Sourced from Entrepreneur

By Yael Klass

I’ve seen marketers deliver pitch decks that read like they’ve been run through a meat grinder of SEO jargon, brand teams crafting tone-deaf social copy, and PR leads sending press releases that feel suspiciously like … they were born from a prompt.

We’re all guilty of it at some point. With the rise of generative AI (GenAI), especially tools like ChatGPT, it’s easy to fall into the trap of “good enough.”

But good storytelling is never just about stringing words together. It’s about resonance, rhythm and relevance. AI can support content creation, but only when you lead the narrative.

Here are the most common storytelling mistakes I see—and how to avoid them.

1. Mistaking Output For Insight

AI can generate sentences. Beautiful ones, even. But that doesn’t mean it understands why your story matters.

Great brand storytelling starts with human insight—something that touches on a tension, a truth or a transformation. If your copy sounds like it’s quoting a business textbook, it probably is.

Avoid it by: Starting with a core message before using AI. Prompt with purpose, not panic.

2. Forgetting The Brand Voice

Your brand is not vanilla. So why does your AI-generated content read like it was written for everyone and no one at the same time?

Avoid it by: Training your tools. Feed them your tone guidelines, values and actual examples of high-performing content. Don’t ask it to “write a blog post”; instead, ask it to “write a confident, witty LinkedIn post in the voice of a challenger brand targeting mid-market CMOs.”

3. Overusing The Same Clichés

Let me guess: You’re “redefining the future,” your product is “powered by innovation,” and your team is made up of “passionate experts.”

ChatGPT didn’t invent corporate clichés, but it sure has memorized a lot of them.

Avoid it by: Editing ruthlessly. Let AI give you a rough first draft, then cut, slash, rewrite and humanize. Swap tired phrases for honest ones.

4. Not Fact-Checking The Fiction

GenAI doesn’t know what’s true—it just knows what sounds true. In marketing, where credibility builds trust, that’s a huge risk.

I’ve seen press kits quoting articles that don’t exist and blog posts referencing outdated stats.

Avoid it by: Verifying every claim. If AI gives you a data point, source it. If it gives you a quote, Google it.

5. Losing The Narrative Arc

Stories need structure—a beginning, middle and end. Problem, tension, solution. Too often, AI-generated content jumps around like a caffeinated intern trying to impress every stakeholder at once.
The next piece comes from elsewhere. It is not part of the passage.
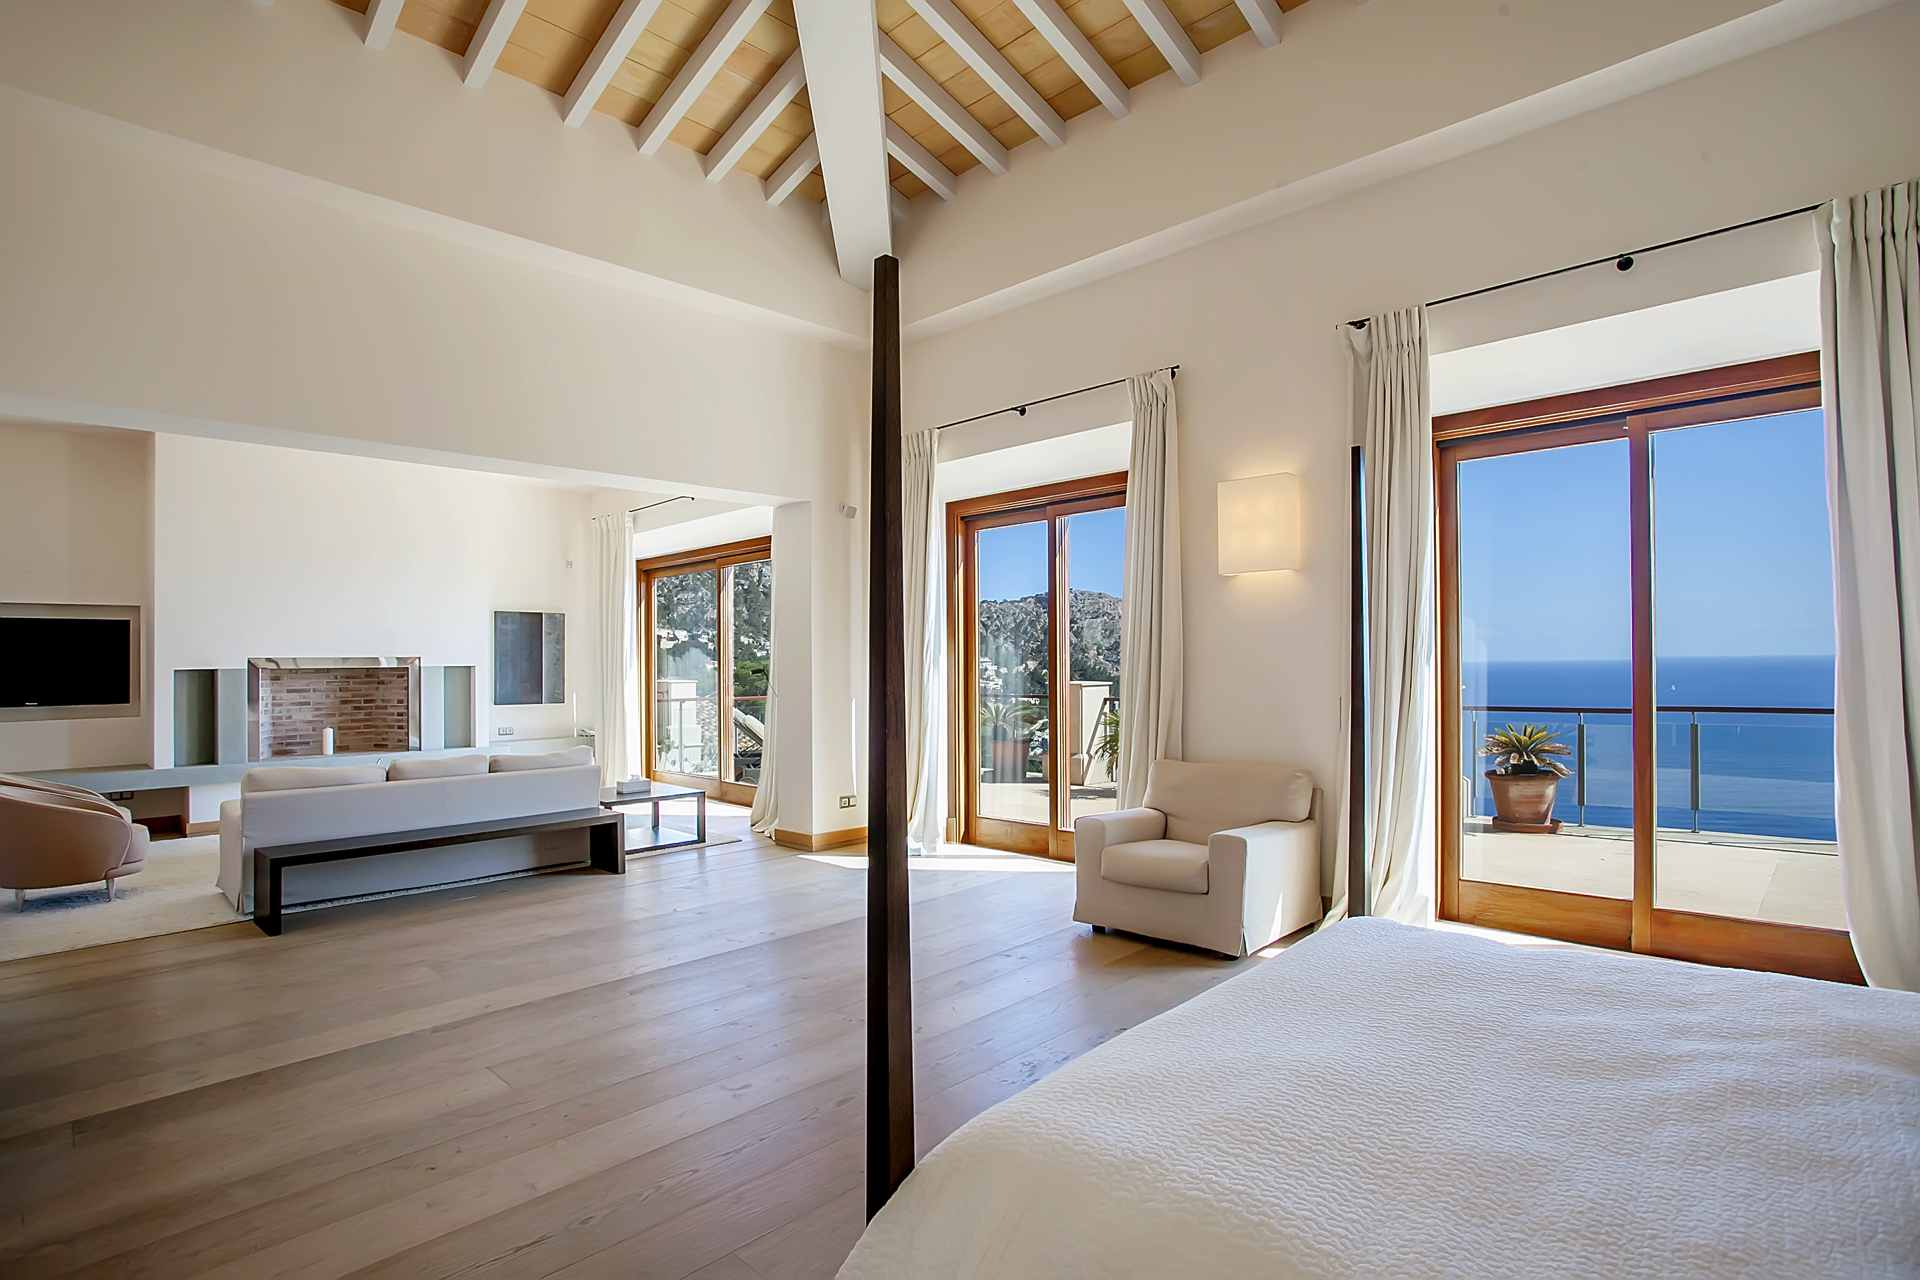 01-268 modern luxury Villa Mallorca southwest Bild 11

The result? A muddled message that says a lot but lands nowhere.

Avoid it by: Mapping the arc before you write. What’s the hook? What pain point are you solving? Where’s the moment of clarity or transformation? Treat AI like a junior copywriter: It can help you fill in the blanks, but you still need to connect the dots.

6. Confusing Volume For Velocity

Yes, GenAI can crank out content at scale. But speed without strategy is just noise.
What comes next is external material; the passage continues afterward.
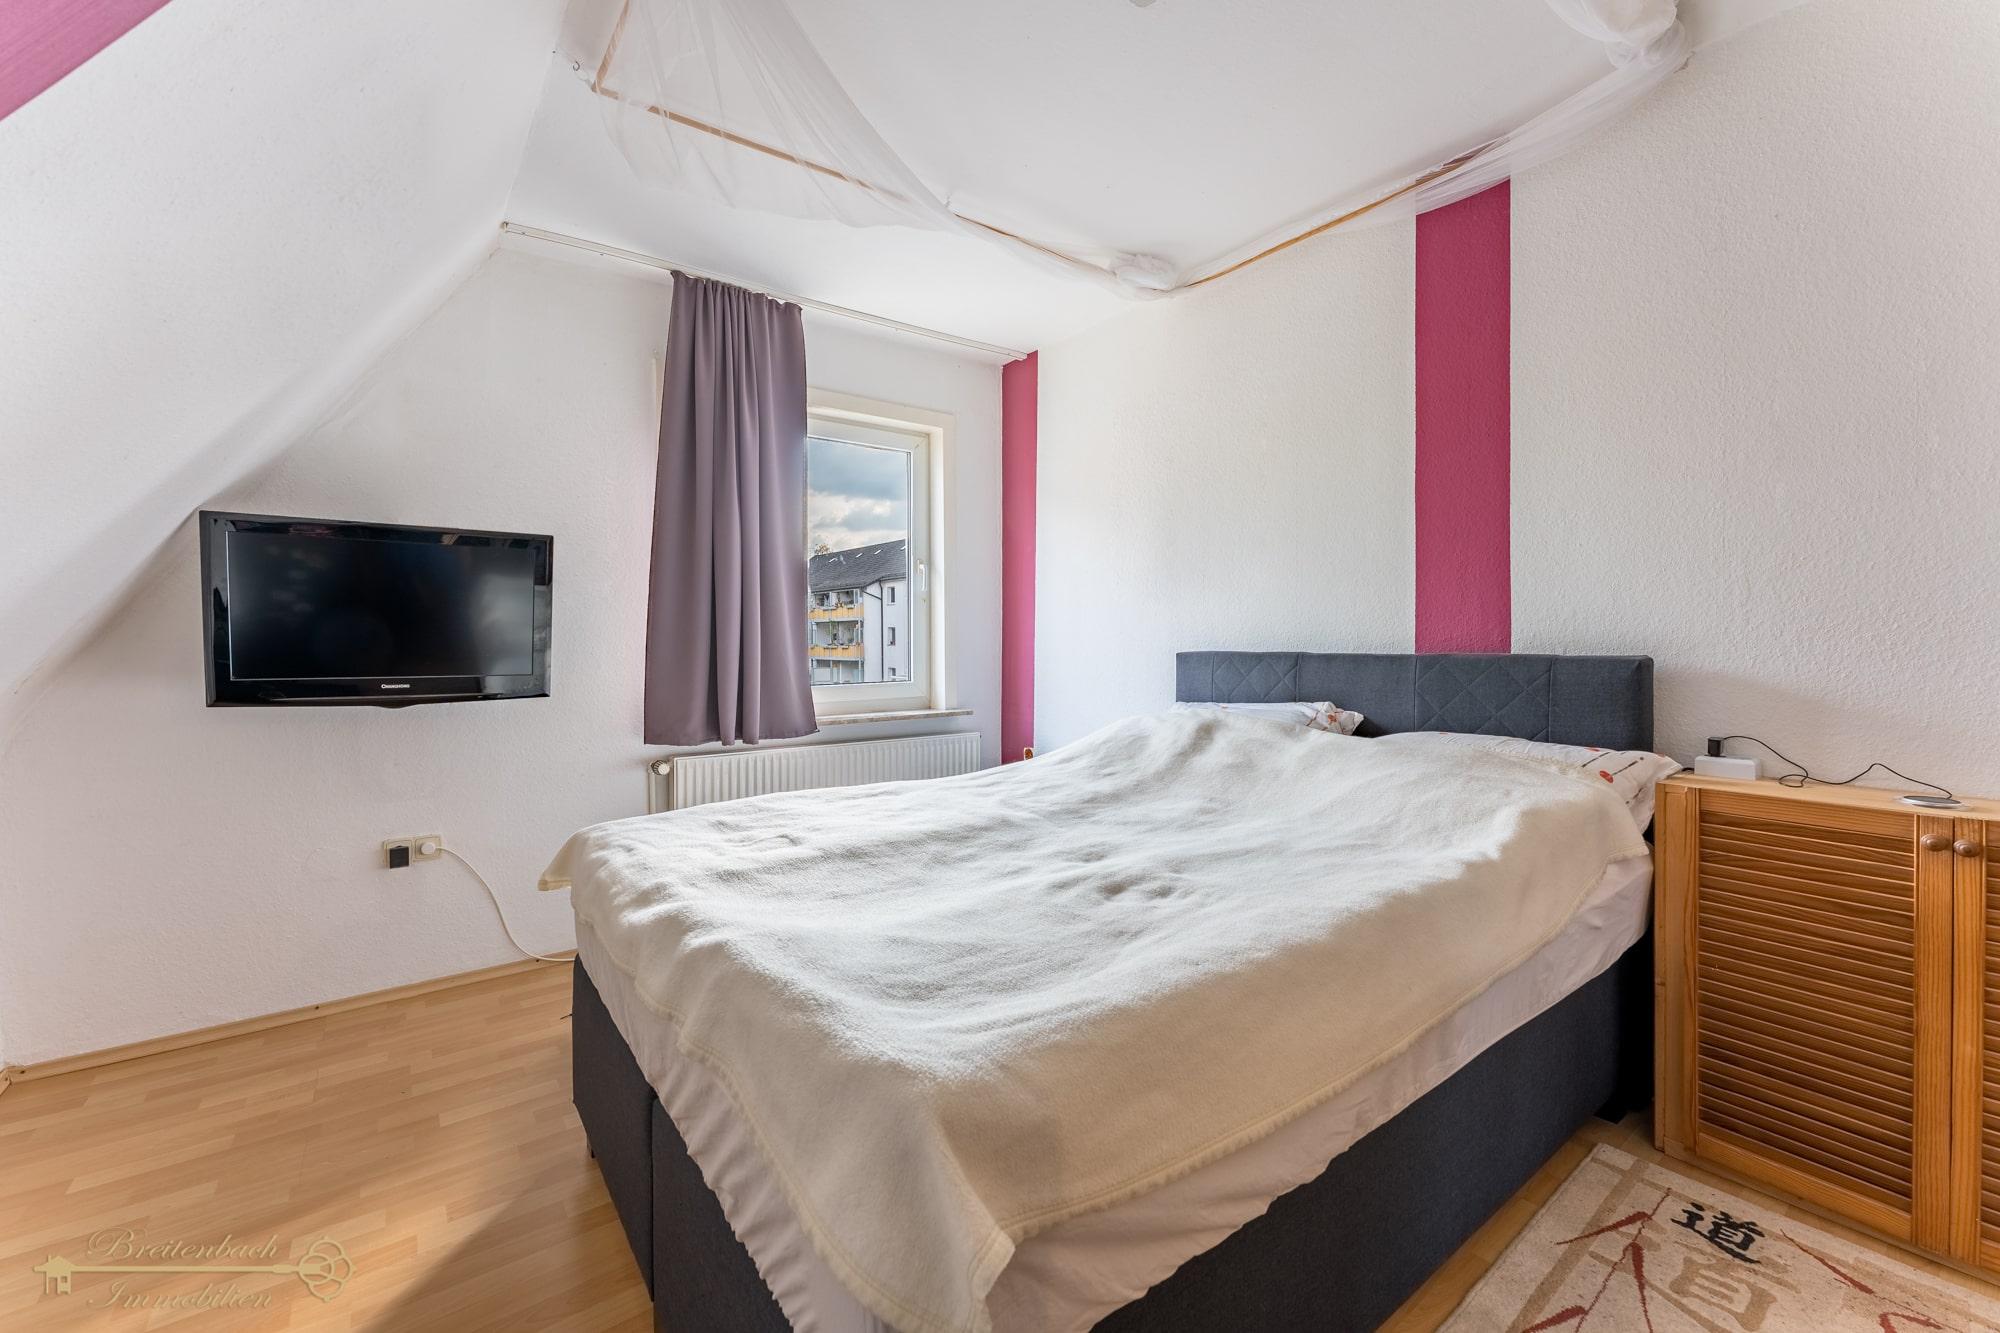 2021-05-01-Breitenbach-Immobilien-Makler-Bremen-26-min

Churning out 20 mediocre LinkedIn posts might feel productive, but if they don’t reflect your brand’s POV or move your audience, what’s the point?

Avoid it by: Prioritizing clarity over quantity. Let AI handle the heavy lifting on first drafts, summaries or rewrites—but don’t publish without purpose. Focus on fewer, better pieces that align with your business goals.

A quick word of caution: While AI tools can dramatically speed up content creation, overusing them or using them poorly can backfire. Unoriginal, low-quality or overly “spammy” AI-generated content may trigger search engine penalties and hurt your chances of syndication or being invited to contribute elsewhere. When in doubt, quality and originality should always win out.

7. Skipping The Human Gut Check

AI doesn’t know your audience like you do. It can’t sense when something feels “off” or too slick or just … meh. That emotional intelligence? Still 100% human.

Avoid it by: Reading everything out loud and sharing drafts with real people. Ask yourself, “Would I read this? Would I believe this?” If it doesn’t move you, it won’t move anyone else, either.

Final Thoughts: Be The Pilot, Not The Passenger

ChatGPT is an incredible tool, but it’s not your brand’s voice, your company’s conscience or your customer’s confidence. That’s your job. Use AI to improve your craft, not replace it.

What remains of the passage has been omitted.